#### EXERCISE INSTRUCTIONS
In the entries below, begin at the line with "3 bedroom flat" and stop after the line with "Wojna Japonsko-Chinska na"; output those lines exactly and omit the pictures.

#### DATA FOR PROCESSING
--

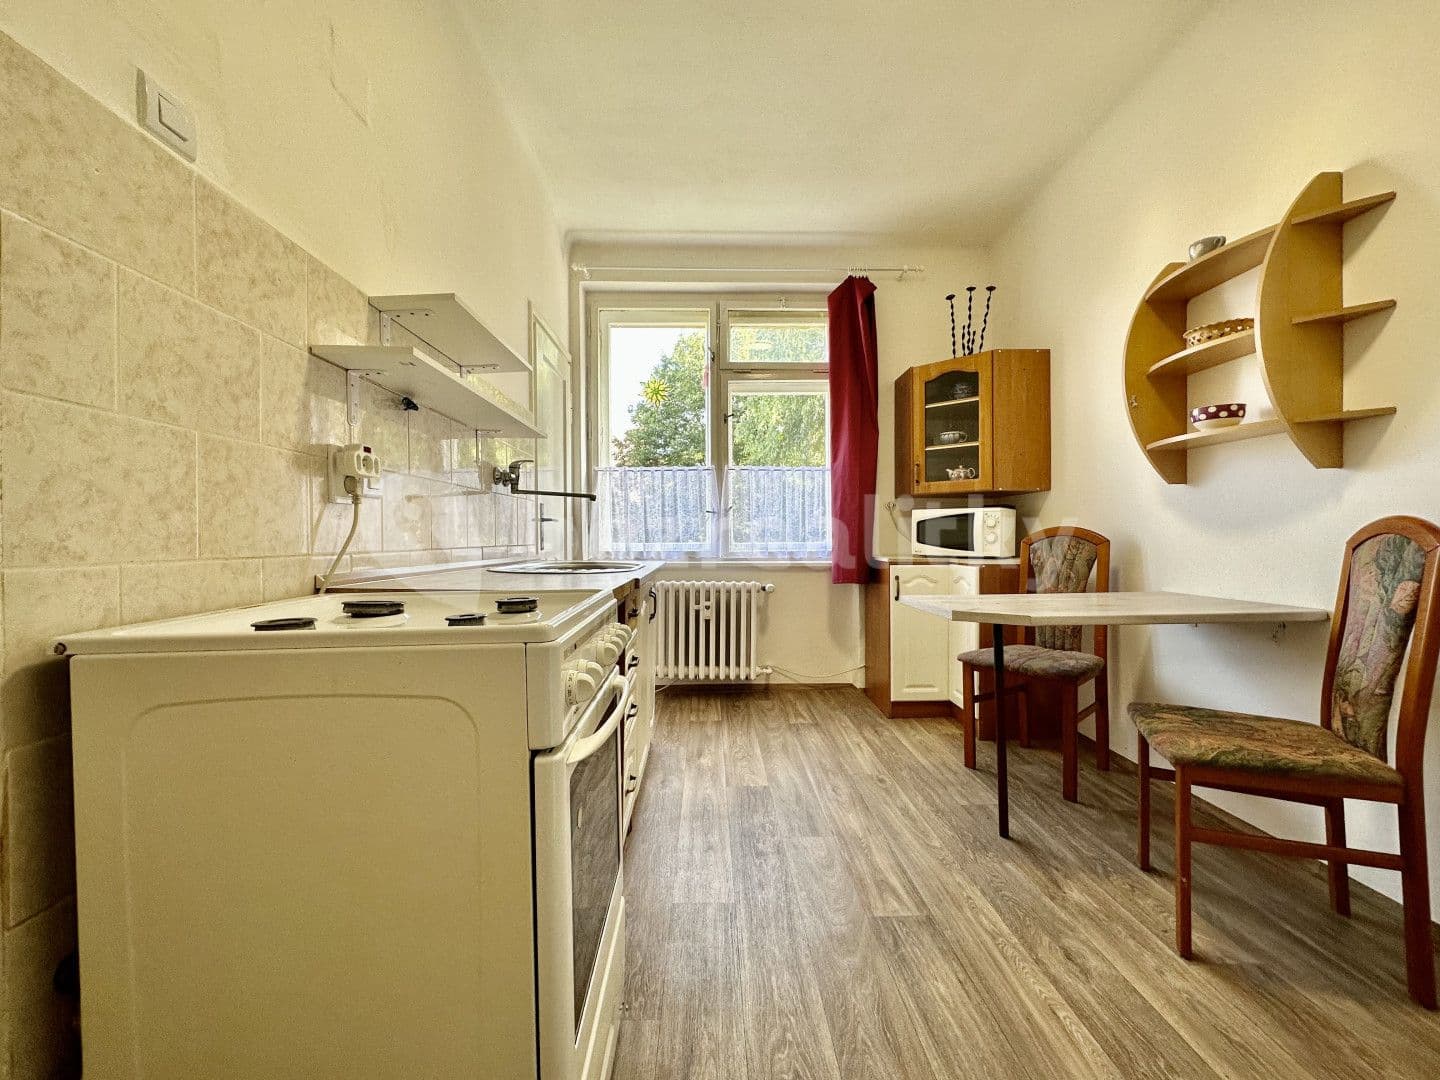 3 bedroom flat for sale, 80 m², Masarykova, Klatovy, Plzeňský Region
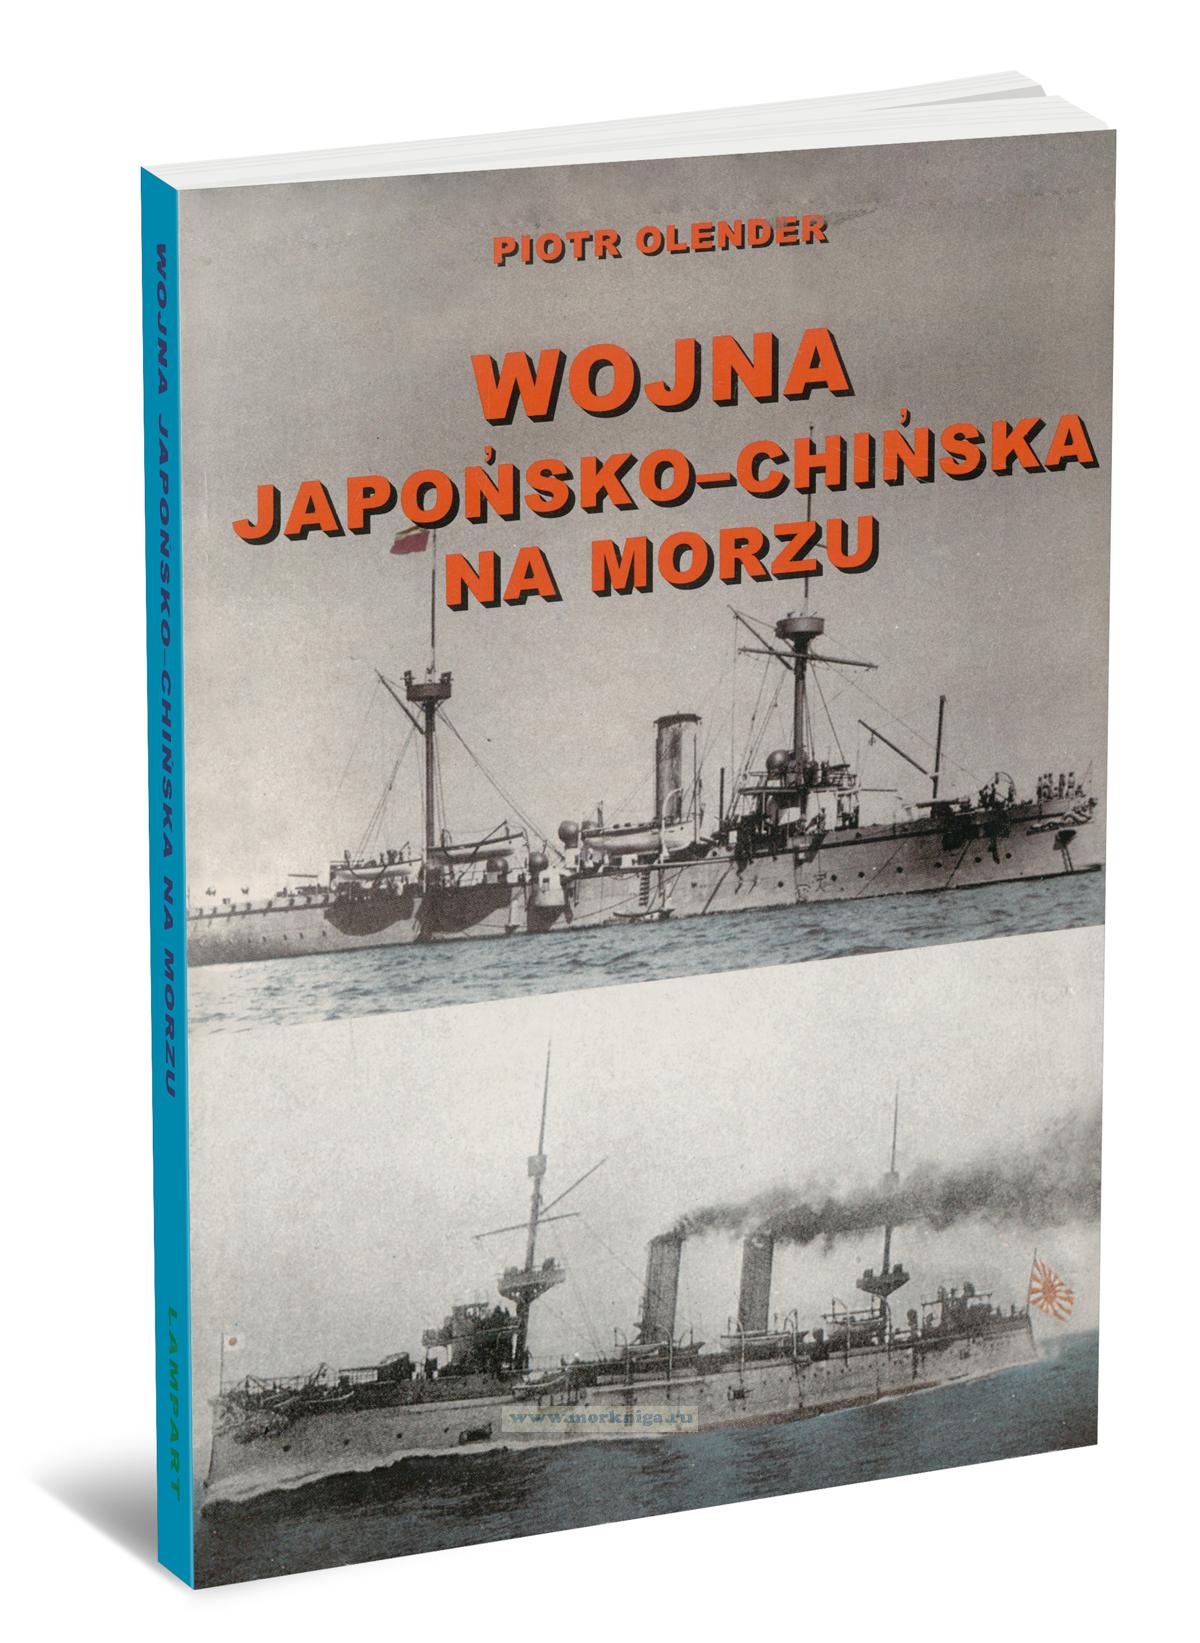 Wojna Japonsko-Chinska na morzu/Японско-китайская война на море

--

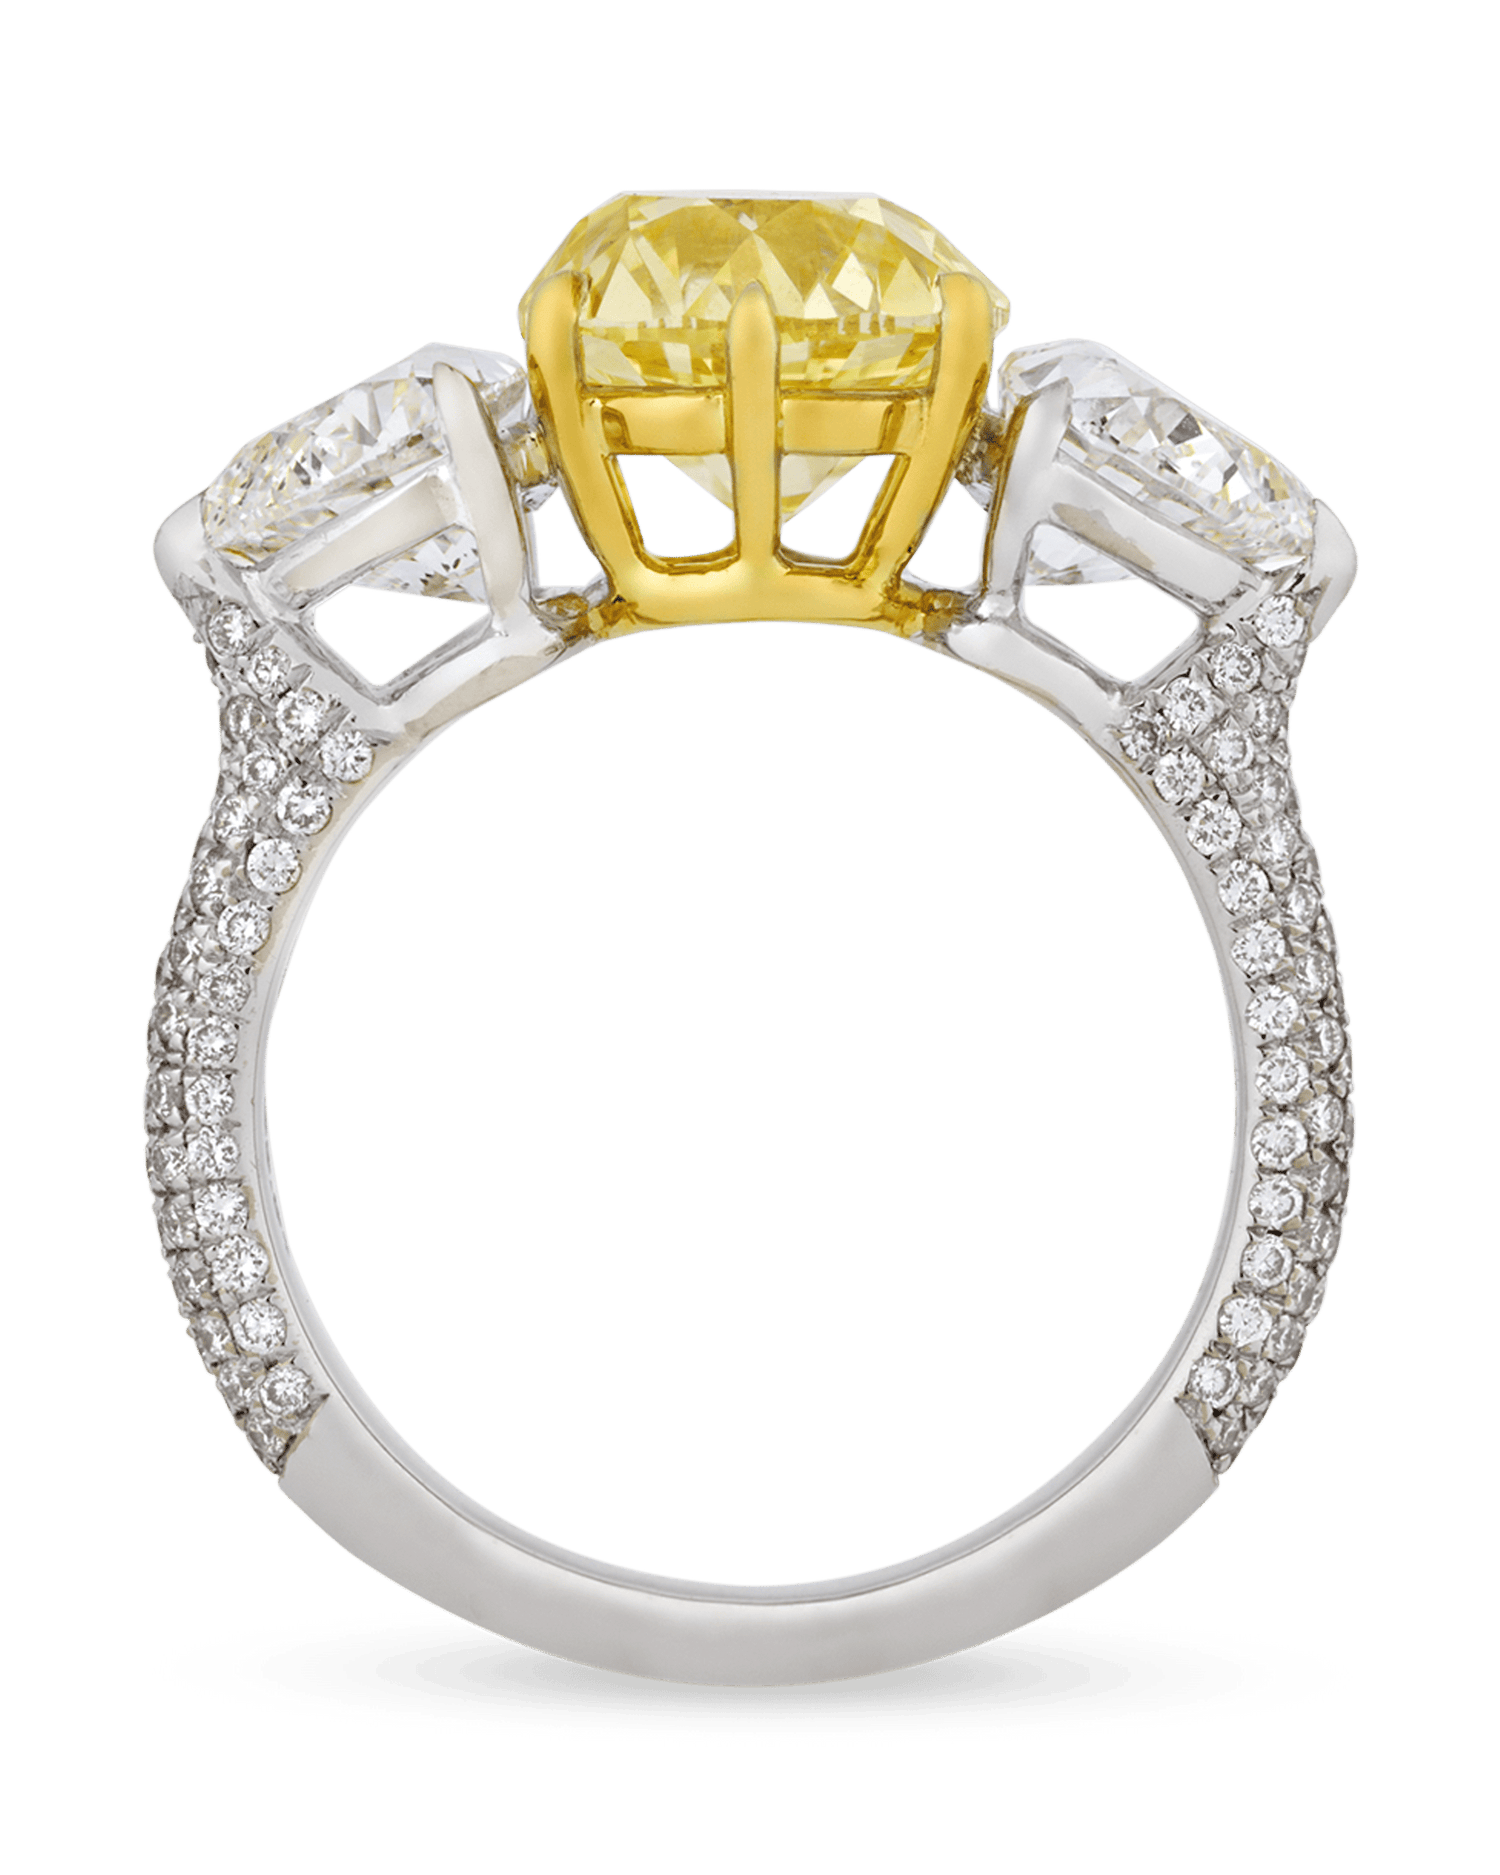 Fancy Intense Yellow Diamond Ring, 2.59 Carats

--

#### YOUR RESPONSE
 3 bedroom flat for sale, 80 m², Masarykova, Klatovy, Plzeňský Region
 Wojna Japonsko-Chinska na morzu/Японско-китайская война на море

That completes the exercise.